What exactly is a backpacker? Before this trip I thought it was a small percentage of insanely brave people who lived on the side of the road in foreign countries while they traveled around hoping to get by with as little cash as possible. I thought they were dirty people; mostly men with beards and old used backpacks that were beaten up.
What I quickly found out was that backpackers were young people like me who wanted to see the world on a budget. They come from all backgrounds and they don't necessarily carry a backpack. Most are from loving and supporting families just like mine but a small few are the rambling outcasts trying to make a way for themselves. What we all have in common is wanderlust. What starts as one small trip quickly turns into another trip and another and another. We are all smart, capable young people who choose to go our own way rather than fall in line with our piers back home. Every backpacker I have met has been young, single, respectful and open-minded. Backpackers all have base skills such as cooking, cleaning, nannying and working with nature. The highly qualified have experience with something like construction, farming or office work.

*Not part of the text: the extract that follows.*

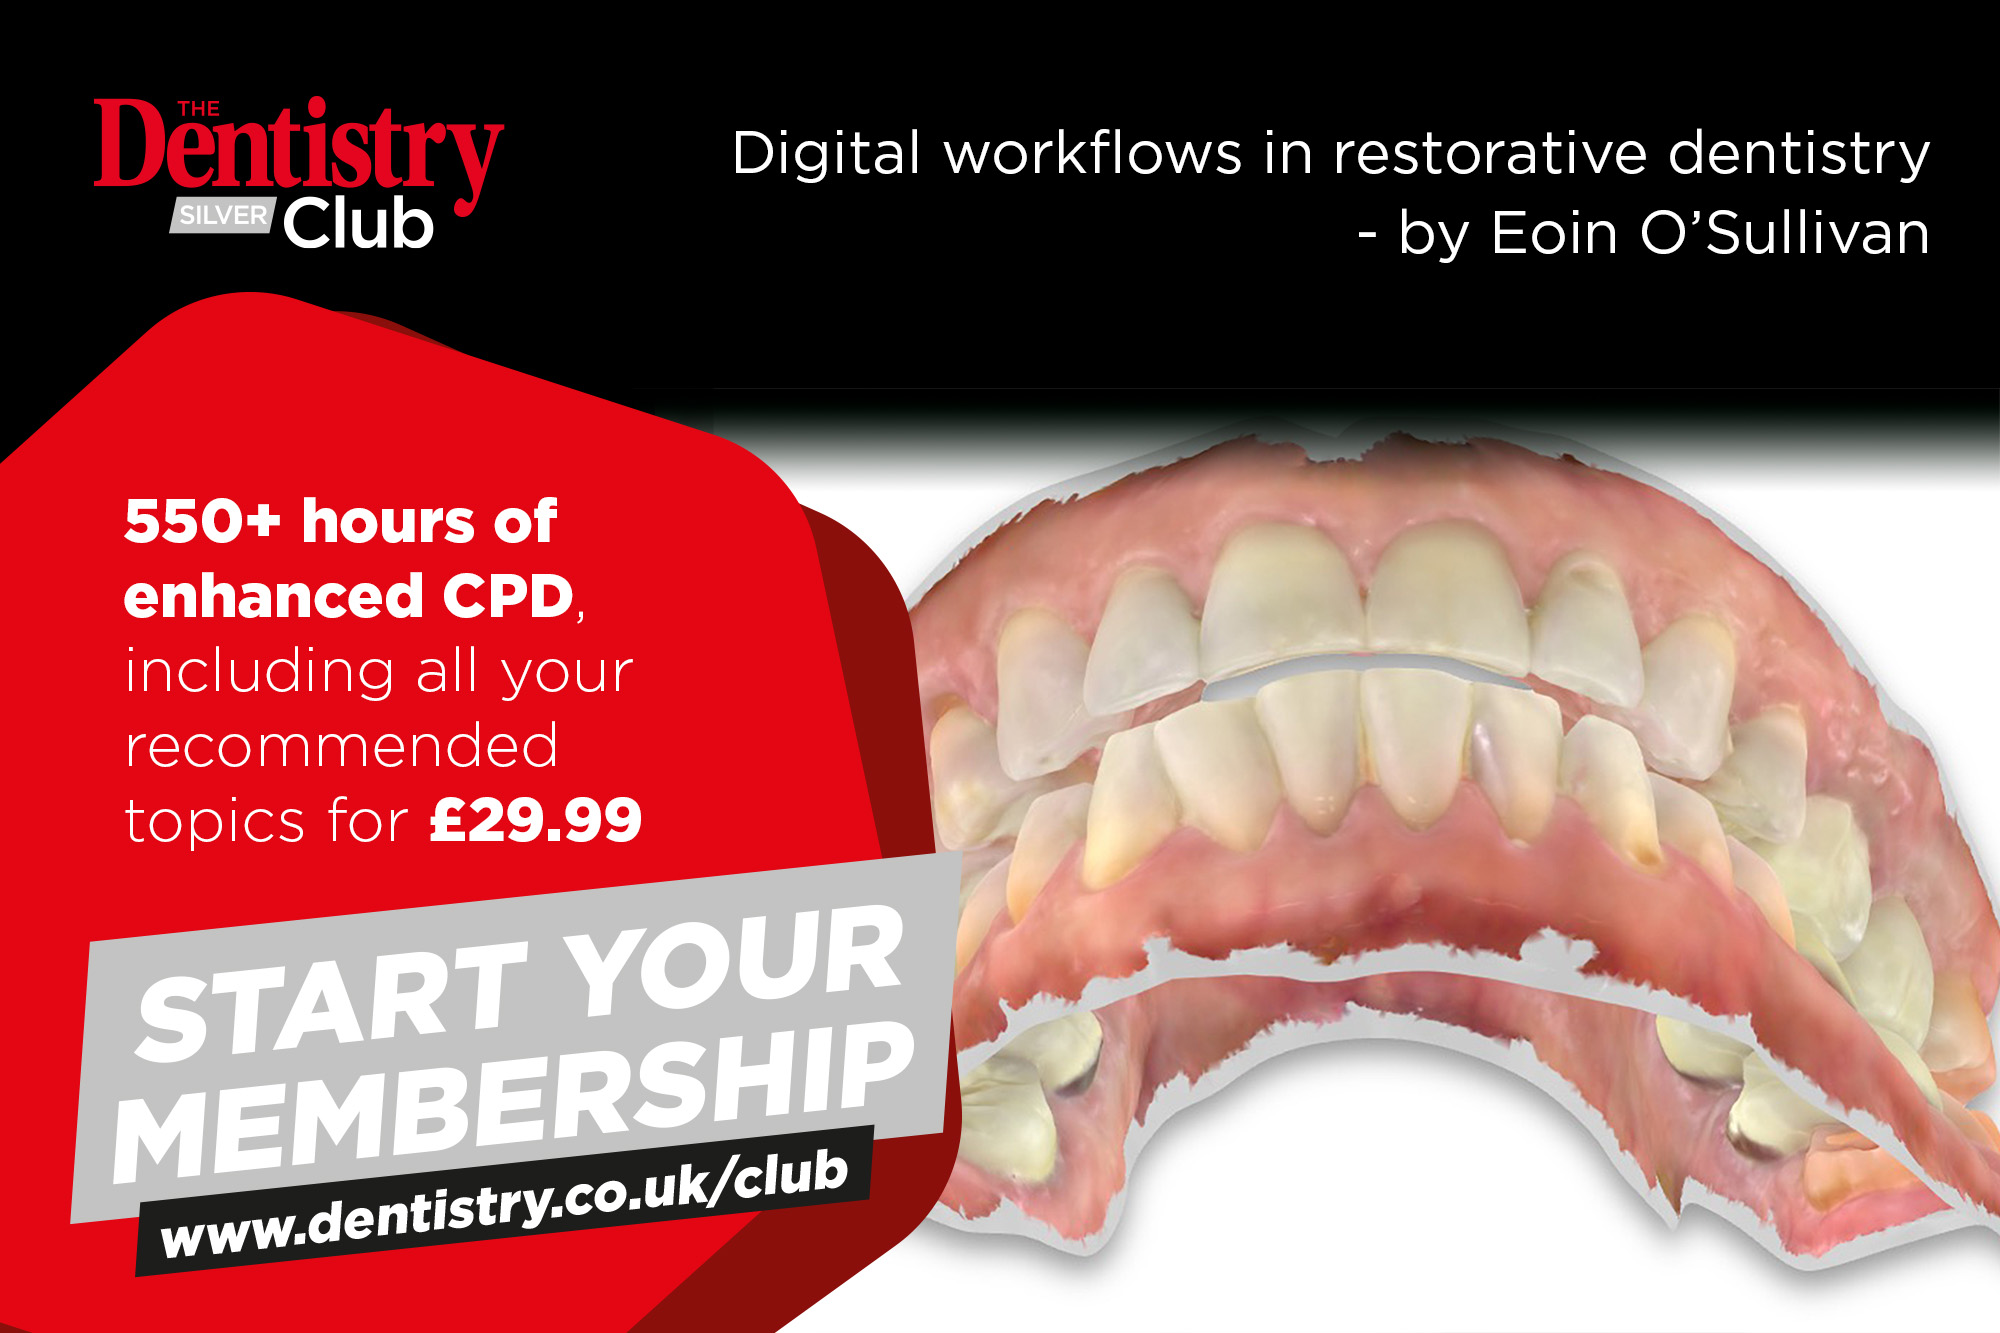 Eoin O’Sullivan explains how digital workflows in restorative dentistry represent a paradigm shift in the way we provide complex restorative dentistry.

The life of a backpacker is an interesting one. They are always on the move yet they never have any plans. Jobs for backpackers are filled just as soon as their available and you can be fired just as quickly as you were hired. The whole mindset is that you take what you can when you have the opportunity and you are grateful for every opportunity. The small things like food and shelter become your only concern. Forget about the high society you came from: nails, brand-name clothes, hairstyles and cars. On the road you make due with what you have. It reminds me of a lesson I heard from a Native American once. The Indians believe that you should always be grateful for whatever the earth gives you. In a similar fashion, as a backpacker you have to constantly remind yourself to be grateful for every night you have a roof over your head and food in your belly because in the blink of an eye you can be without.
In his book, Bypass, Michael McGirr explains the impact of backpackers on the Australian economy.
“Backpackers are a significant part of the Australian economy. According to the surveys, they spend less per day in this country than those who stay in the best hotels, but they are here much longer and so end up spending more in total. There are almost half a million of them every year, worth $2.5 billion to the economy. They are also more likely to stay in places owned locally and they do all sorts of jobs which locals avoid, such as fruit picking, and then have the decency to spend the money before they leave these shores, making sure they are broke when they get home.”
Australia has marketed itself to backpackers and tourists. For a country with only a few major cities, all thousands of miles apart, the marketing has done quite well for them. They are full of visitors from all sorts of countries and the average Aussie is happy to converse with any backpacker they run into. So why don't we have more backpackers in the United States? Better yet, why aren't they coming to Oklahoma to help on our farms? Perhaps that's what the wheaties from New Zealand are doing; their own form of backpacking.
A new terminology I recently uncovered on the internet is “flashpacker.” Apparently flashpackers are backpackers with a bigger budget. I haven't heard anyone use this term directly in conversation so I'm not sure how much of a “term” it actually is. Some say flashpacking is for those who care more about their appearance than their experience.
I'm not sure if I am considered a backpacker since I have a large suitcase and a small dufflebag. I used to joke that my luggage made me an "American Backpacker" because in America we don't do anything small. If my luggage classifies me as a flashpacker my wallet takes the side of backpacker. No matter what you call it, the mindset of backpacking is simple: we are young people on the move.